#### [Task instructions]
Images excepted, the data below must be repeated exactly.
Top of Dataset section
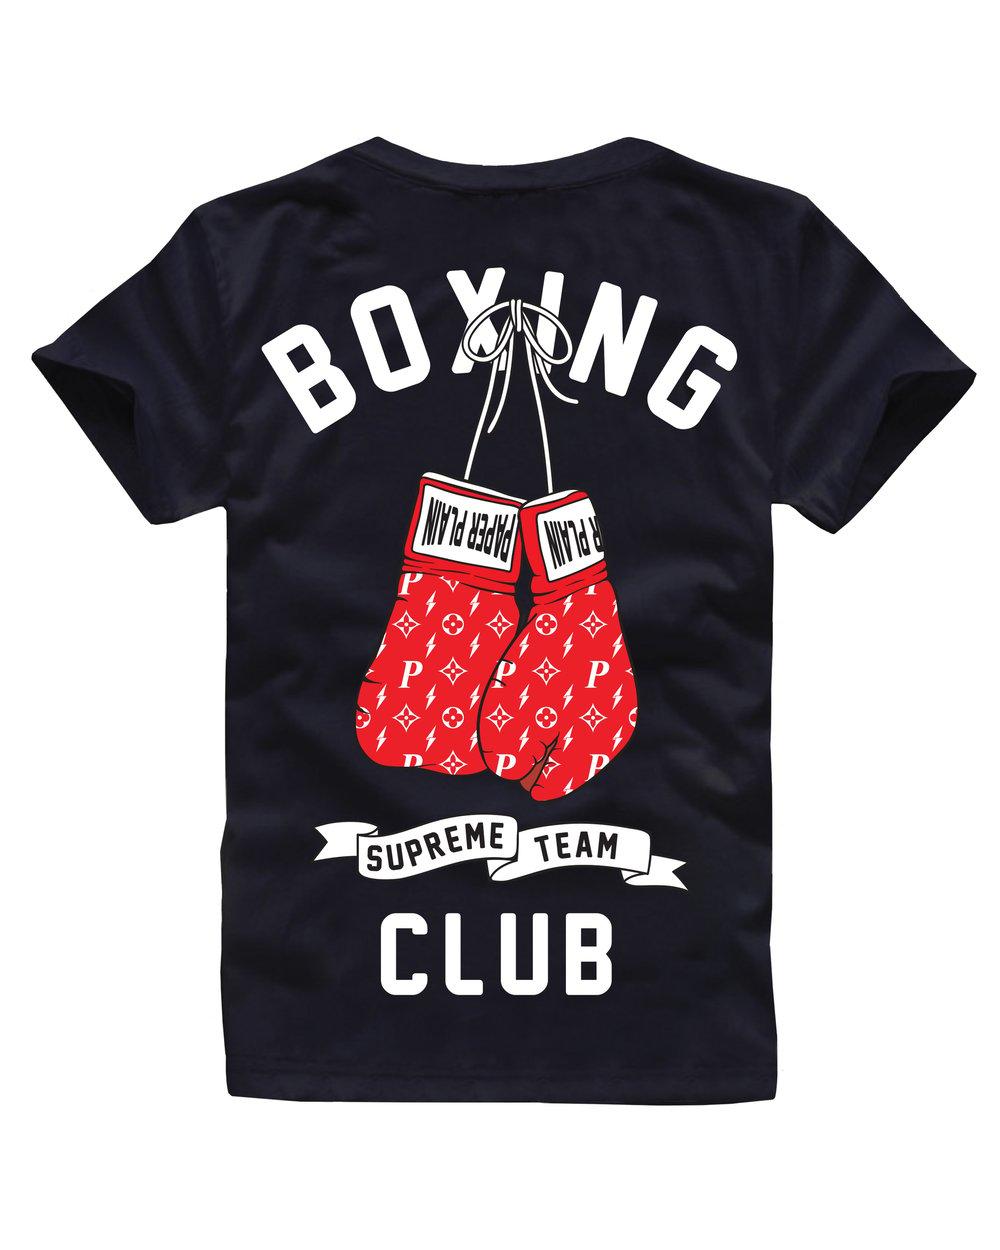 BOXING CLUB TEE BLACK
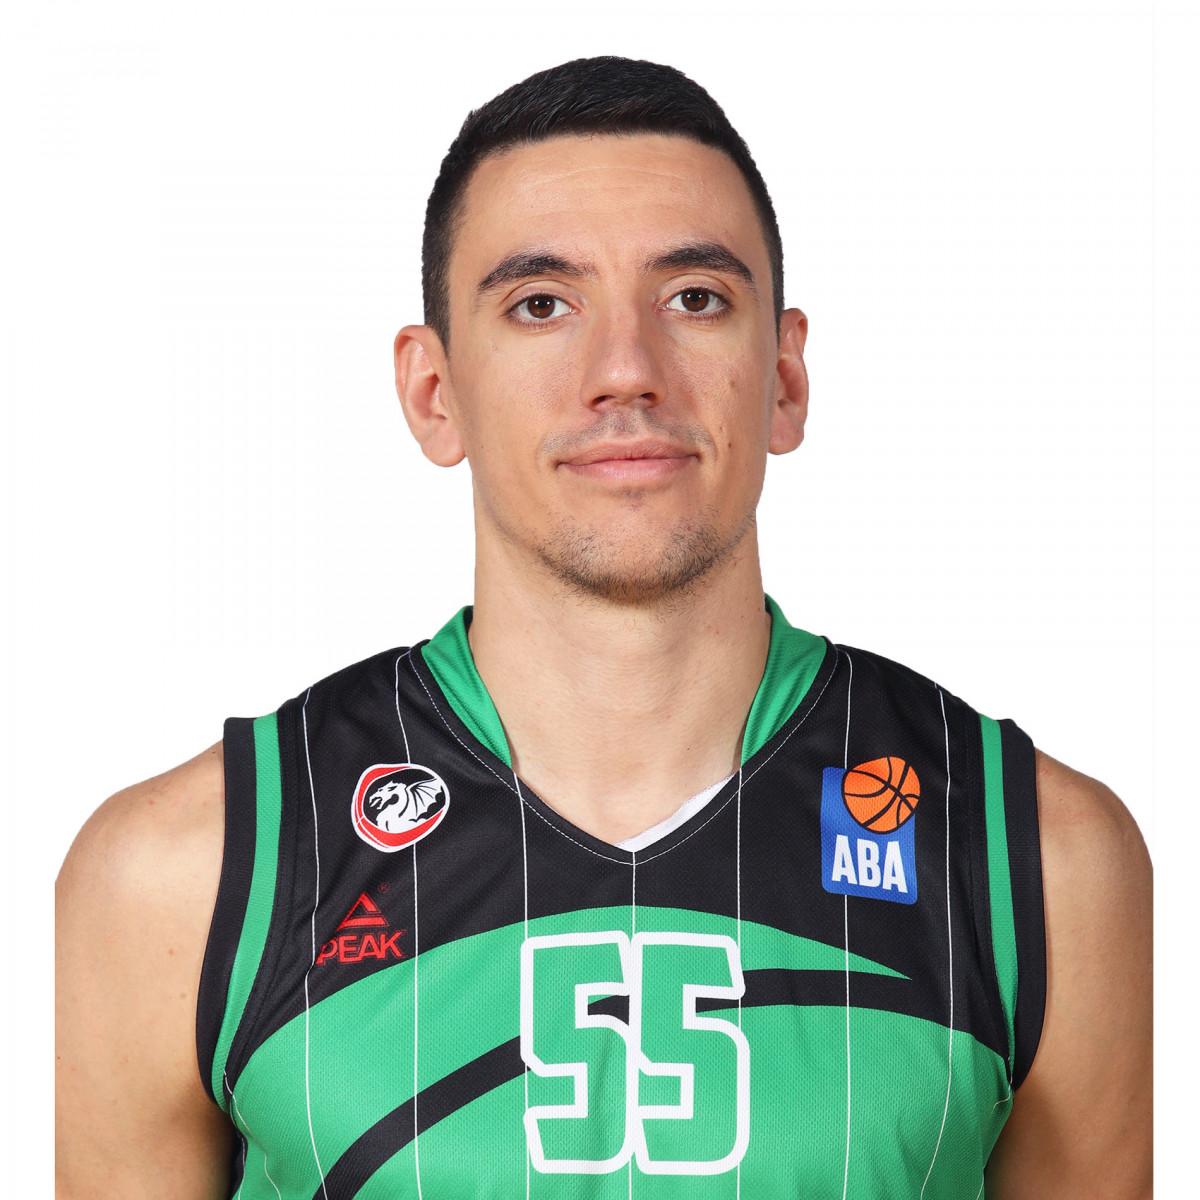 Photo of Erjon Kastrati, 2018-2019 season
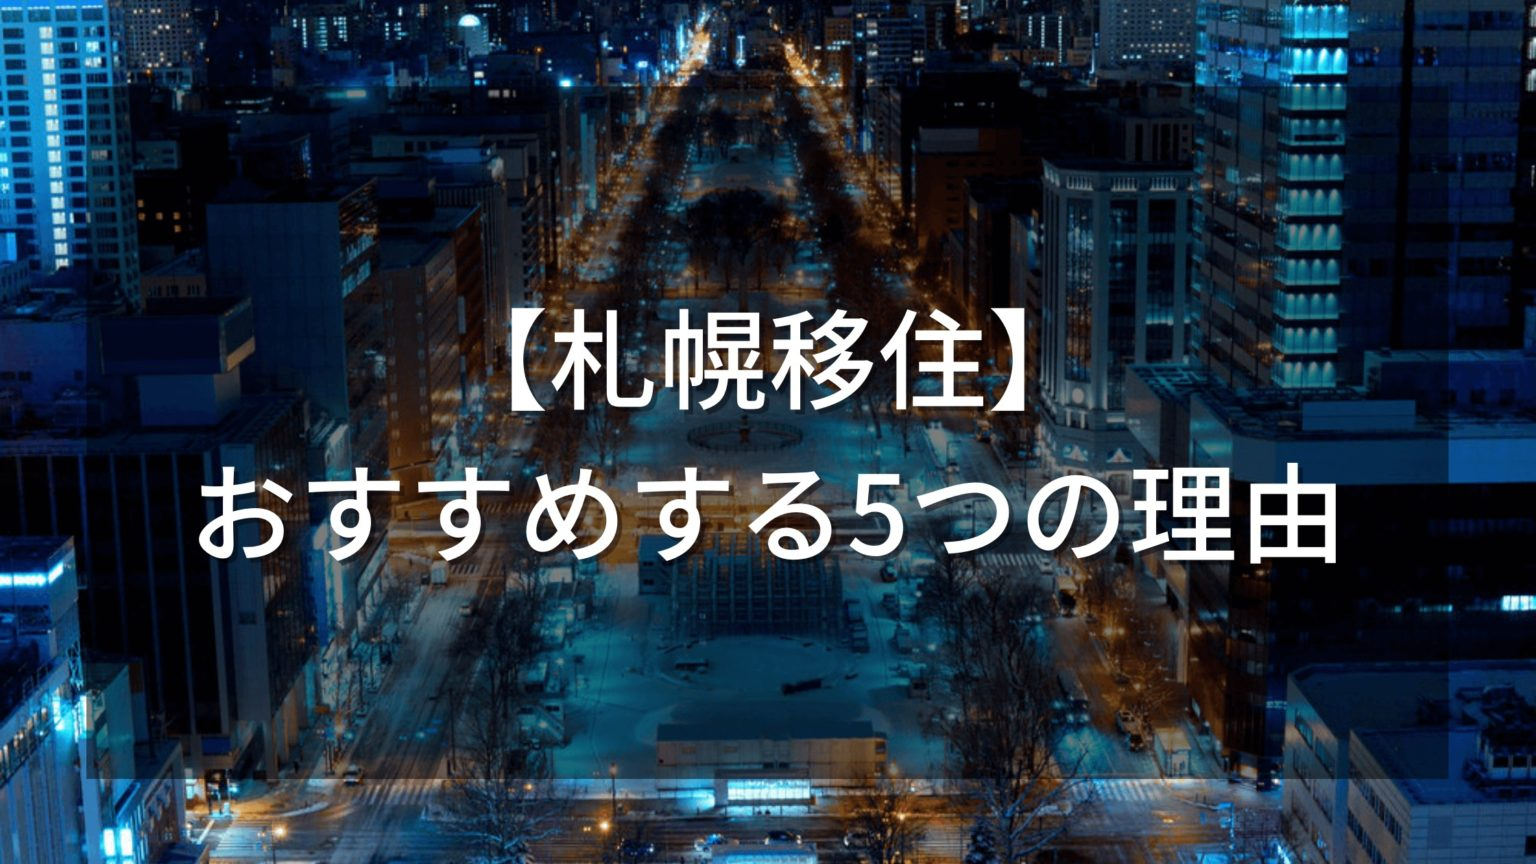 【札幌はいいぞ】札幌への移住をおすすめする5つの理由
Bottom of Dataset section
#### [Solution to this task]
 BOXING CLUB TEE BLACK
 Photo of Erjon Kastrati, 2018-2019 season
 【札幌はいいぞ】札幌への移住をおすすめする5つの理由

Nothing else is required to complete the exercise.